Department of Dermatology, Faculty of Medicine, Fukuoka University, Fukuoka, Japan.
Division of Dermatology, Department of Internal Medicine, Faculty of Medicine, Saga University, Saga, Japan.
J Dermatol. 2019 Mar;46(3):193-198. doi: 10.1111/1346-8138.14745. Epub 2019 Jan 10.

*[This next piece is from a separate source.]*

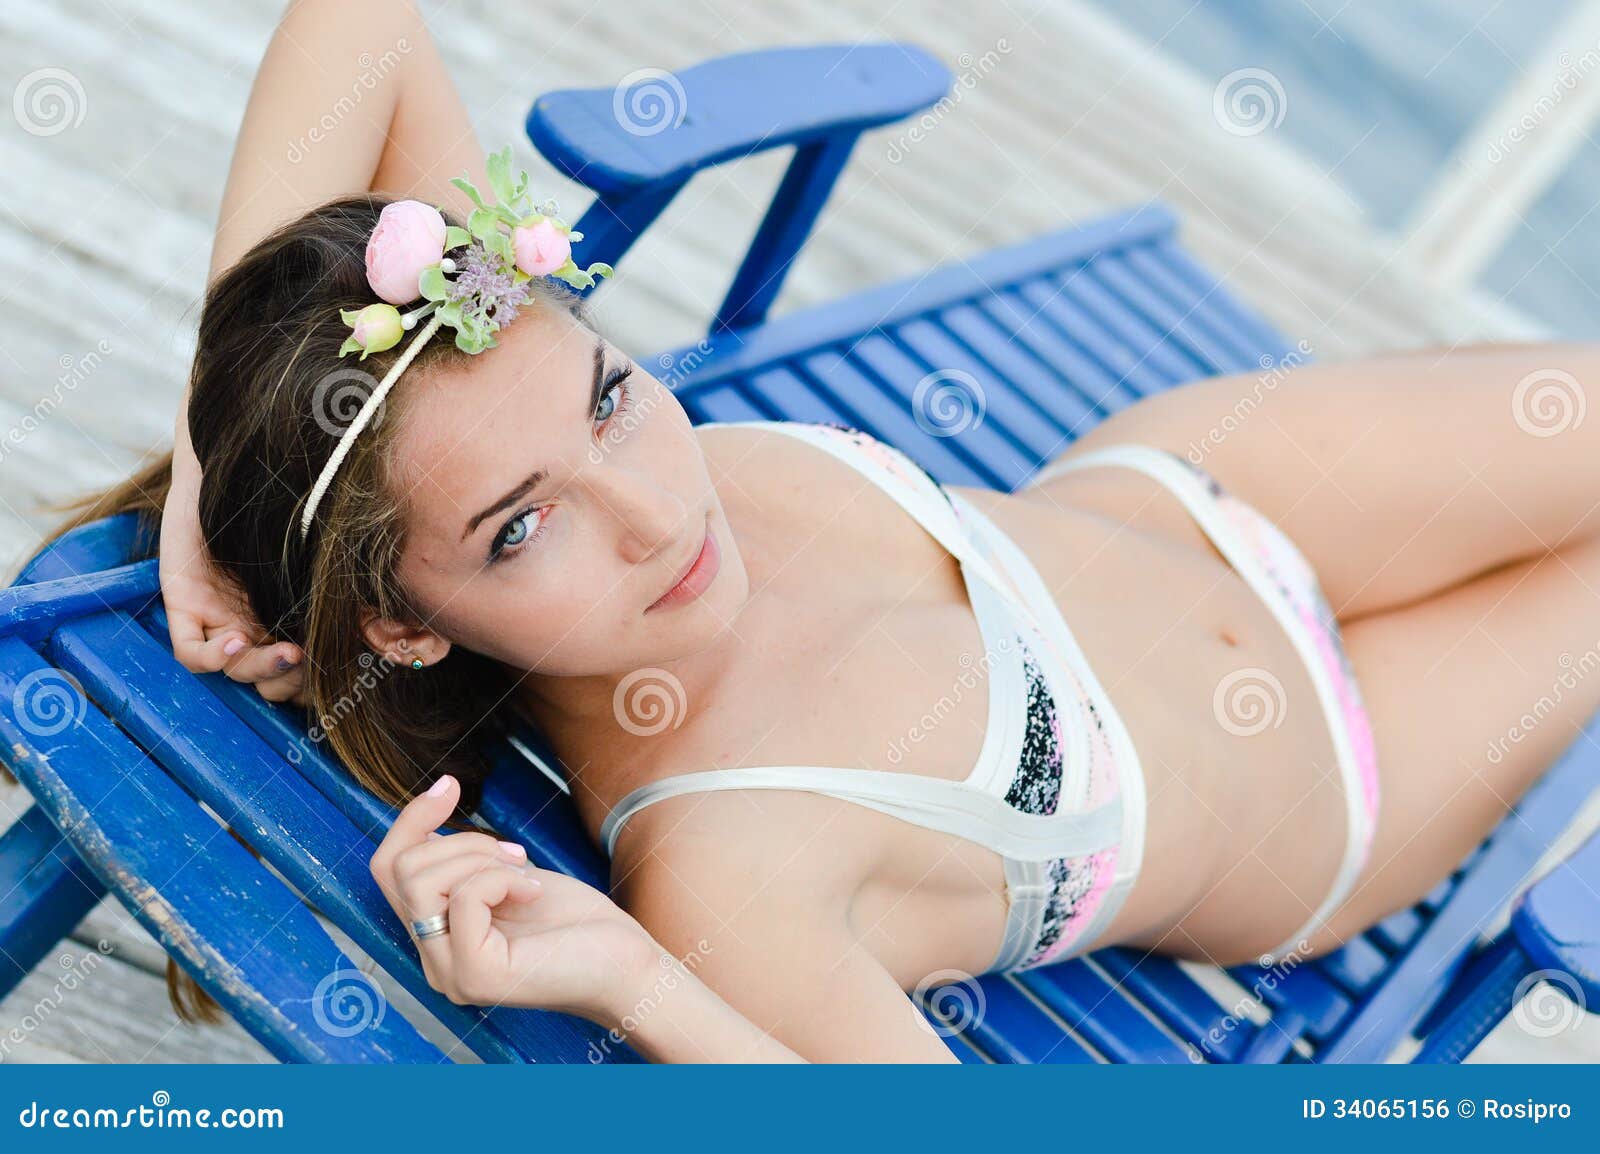 https://thumbs.dreamstime.com/z/young-woman-bikini-enjoying-sunny-day-sun-lounge-portrait-pretty-sea-beach-lying-lounger-34065156.jpg

Psoriatic arthritis (PsA) is an inflammatory arthritis with as yet unclear pathophysiology. This retrospective, multicenter, cross-sectional study was conducted in 19 facilities in western Japan and aimed to identify patients' characteristics and factors that affect the results of treatment with biologic agents. Of 2116 patients with psoriasis, 285 (13.5%) had PsA. Skin manifestations preceded joint manifestations in 69.8%, the onset was simultaneous in 17.2%, whereas PsA preceded skin manifestations in 2.5%. Peripheral arthritis was most common, occurring in 73.7%, compared with axial disease in 21.8%, enthesitis in 23.5% and dactylitis in 35.4%. Patients with severe skin manifestations were significantly younger at onset (P = 0.02) and more frequently had axial disease (P < 0.01). Biologic agents were used in 206 patients (72.3%), anti-tumor necrosis factor (TNF)-α antibodies being prescribed first to 157 of them. Anti-TNF-α antibodies were continued by 105 participants and discontinued by 47, the remaining five patients being lost to follow up. Patients who discontinued anti-TNF-α antibodies were significantly older than those who continued (55 vs 51 years, P = 0.04) and significantly older at onset of joint manifestations (50 vs 44 years, P = 0.01). Multivariate analysis revealed that patients over 50 years significantly more frequently terminated anti-TNF-α antibodies (P < 0.01). In conclusion, patients with PsA and severe skin manifestations have earlier onset and axial disease, which seriously impacts on quality of life. Anti-TNF-α antibodies were generally effective enough to continue but less so in patients aged over 50 years. Further detailed research is needed.
银屑病关节炎(PsA)是一种炎症性关节炎,其病理生理学尚不清楚。本回顾性、多中心、横断面研究在日本西部的 19 家机构进行,旨在确定患者的特征和影响生物制剂治疗结果的因素。在 2116 例银屑病患者中,285 例(13.5%)患有 PsA。皮肤表现先于关节表现的占 69.8%,同时发生的占 17.2%,而皮肤表现先于关节表现的占 2.5%。外周关节炎最常见,占 73.7%,而轴性疾病占 21.8%,肌腱附着点炎占 23.5%,指(趾)炎占 35.4%。皮肤表现严重的患者发病年龄明显较小(P = 0.02),且更常发生轴性疾病(P < 0.01)。206 例(72.3%)患者使用了生物制剂,其中 157 例首先使用了抗肿瘤坏死因子(TNF)-α 抗体。105 例患者继续使用抗 TNF-α 抗体,47 例患者停用,其余 5 例患者失访。停用抗 TNF-α 抗体的患者明显比继续使用的患者年龄更大(55 岁比 51 岁,P = 0.04),且关节表现发病年龄更大(50 岁比 44 岁,P = 0.01)。多变量分析显示,50 岁以上的患者更频繁地终止抗 TNF-α 抗体治疗(P < 0.01)。总之,皮肤表现严重的 PsA 患者发病更早,且更常发生轴性疾病,这严重影响生活质量。抗 TNF-α 抗体通常足够有效而继续使用,但年龄超过 50 岁的患者效果较差。需要进一步的详细研究。